Алкивиад в изумлении смотрел на Перикла такими квадратными глазами, что тот, весьма далекий от веселья, не выдержал и громко рассмеялся:

— О, мой юный племянник, разве тебе не ведомо, что рака никогда не научишь идти прямо? Я знаю наш народ как никто другой в Аттике, и я уже слишком… стар, чтобы в очередной раз пересесть с коня на осла.

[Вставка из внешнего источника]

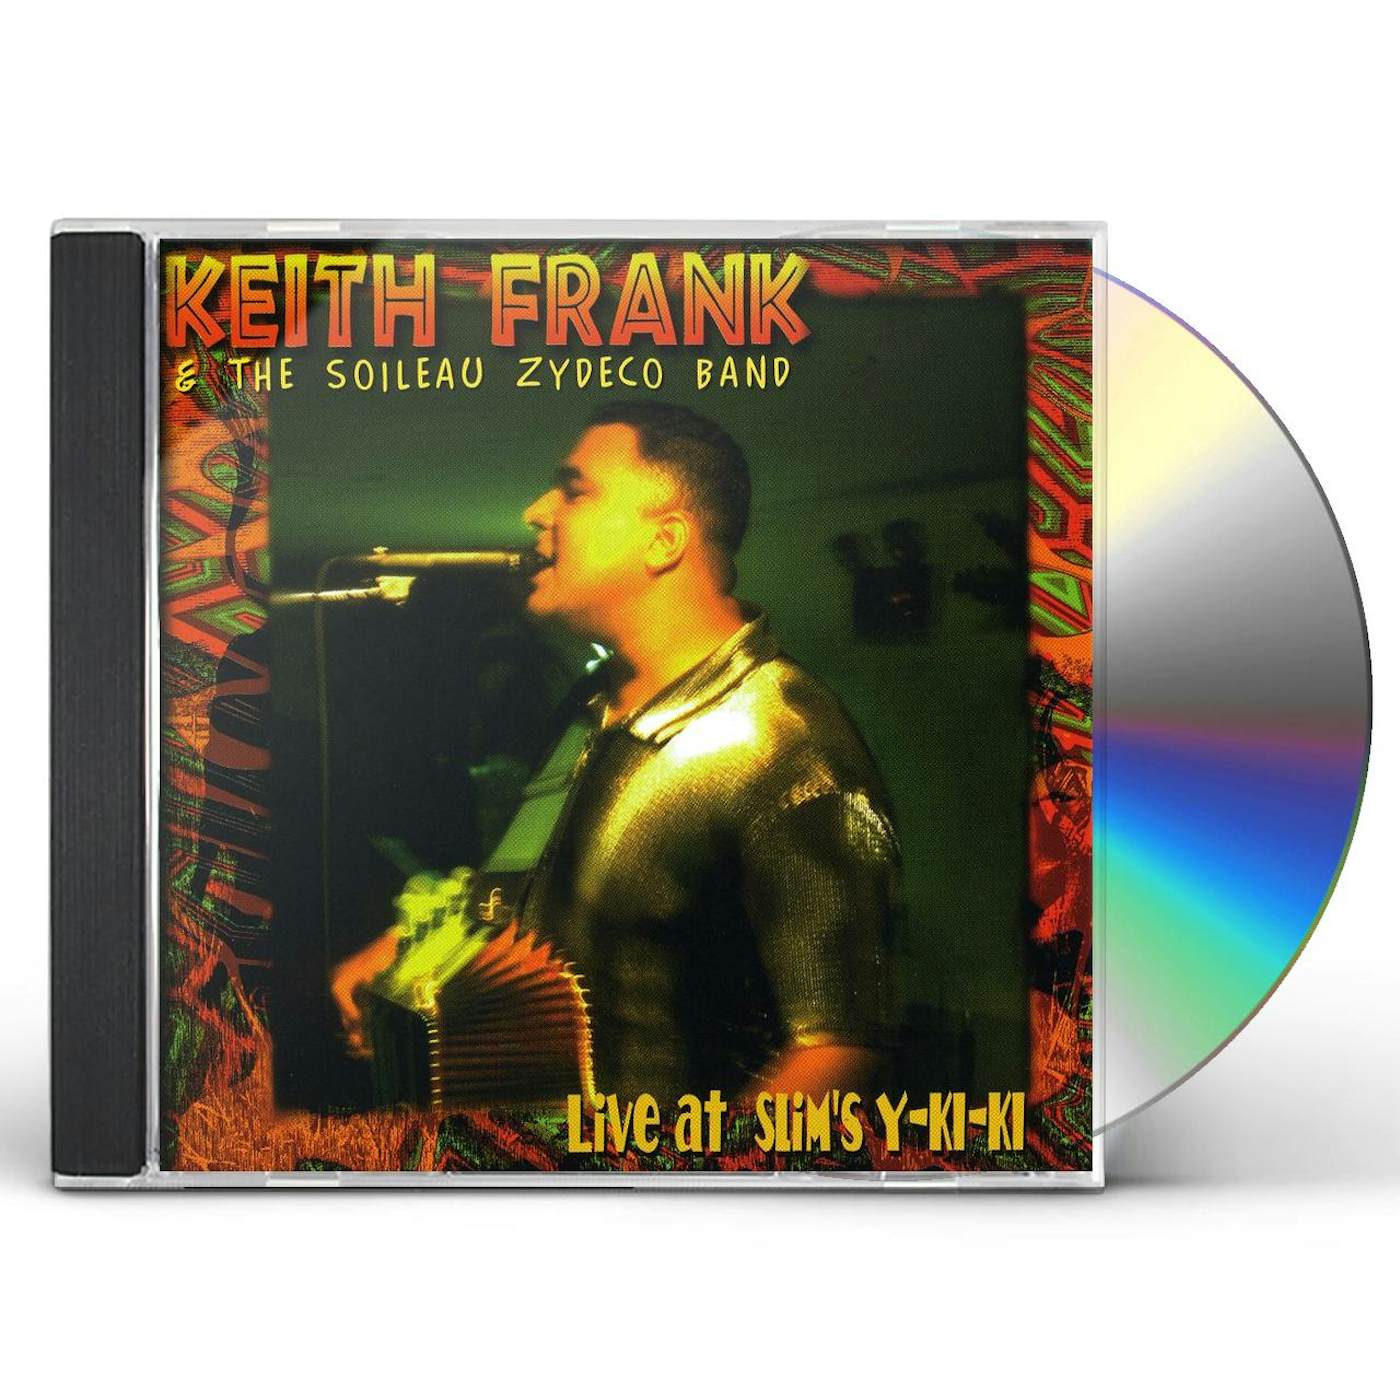 Keith Frank LIVE AT SLIM'S Y-KI-KI CD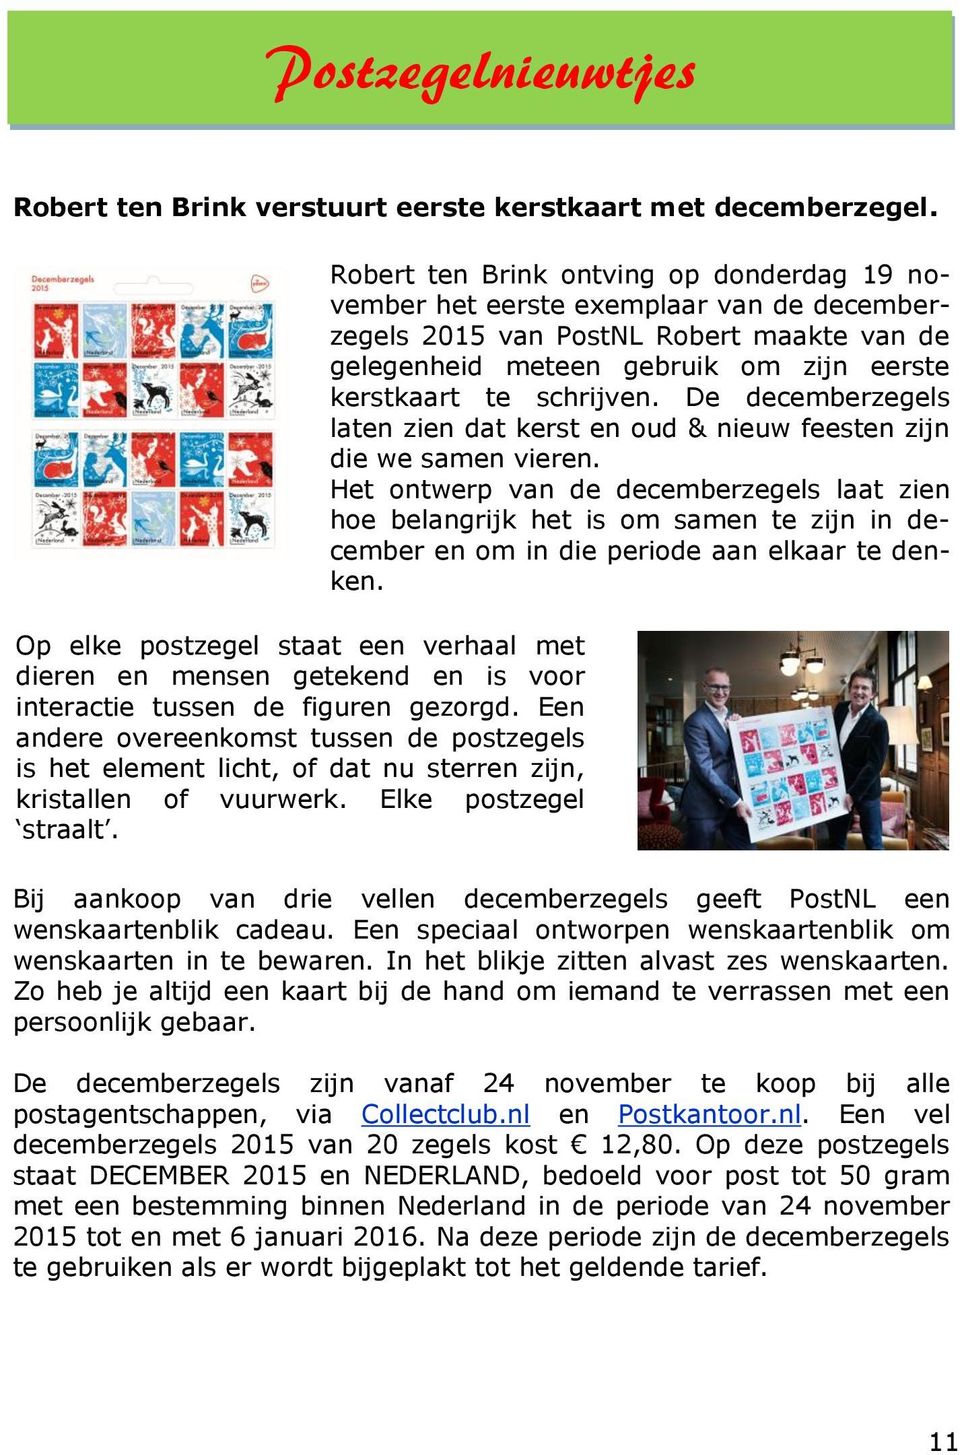 Robert ten Brink ontving op donderdag 19 november het eerste exemplaar van de decemberzegels 2015 van PostNL Robert maakte van de gelegenheid meteen gebruik om zijn eerste kerstkaart te schrijven.

— Афиняне раскаялись в своем поступке, они поняли, что Перикл Олимпиец незаменим, особенно сейчас, когда противостояние с лакедемонянами чревато самыми непредсказуемыми последствиями, — горячо сказал Алкивиад, не сводя с опекуна больших голубых глаз, и Перикл в который раз подивился тому, насколько щедрой оказалась природа по отношению к этому юноше, наградив его столь необыкновенной красотой — безупречный нос, сочные чувственные губы, волевой подбородок, белая чистая кожа, крупные кольца блестящих волос. — Наверное, ты недослышал: народное собрание, исправляя ошибку, опять избрало тебя первым стратегом Афин и сняло наложенный на тебя штраф. Великий Перикл, тебе предлагают власть, а ты от нее отмахиваешься, как от залежалого товара, навязываемого тебе на рынке. Я на твоем месте ни за что бы так не поступил, клянусь Зевсом-Отцом!

— Ты слишком властолюбив, дорогой Алкивиад. Власть — не подарок судьбы, а тяжкое бремя, под которым, бывает, трещат кости. И употреблять ее следует единственно лишь во благо народа. Смею полагать, я делал именно так.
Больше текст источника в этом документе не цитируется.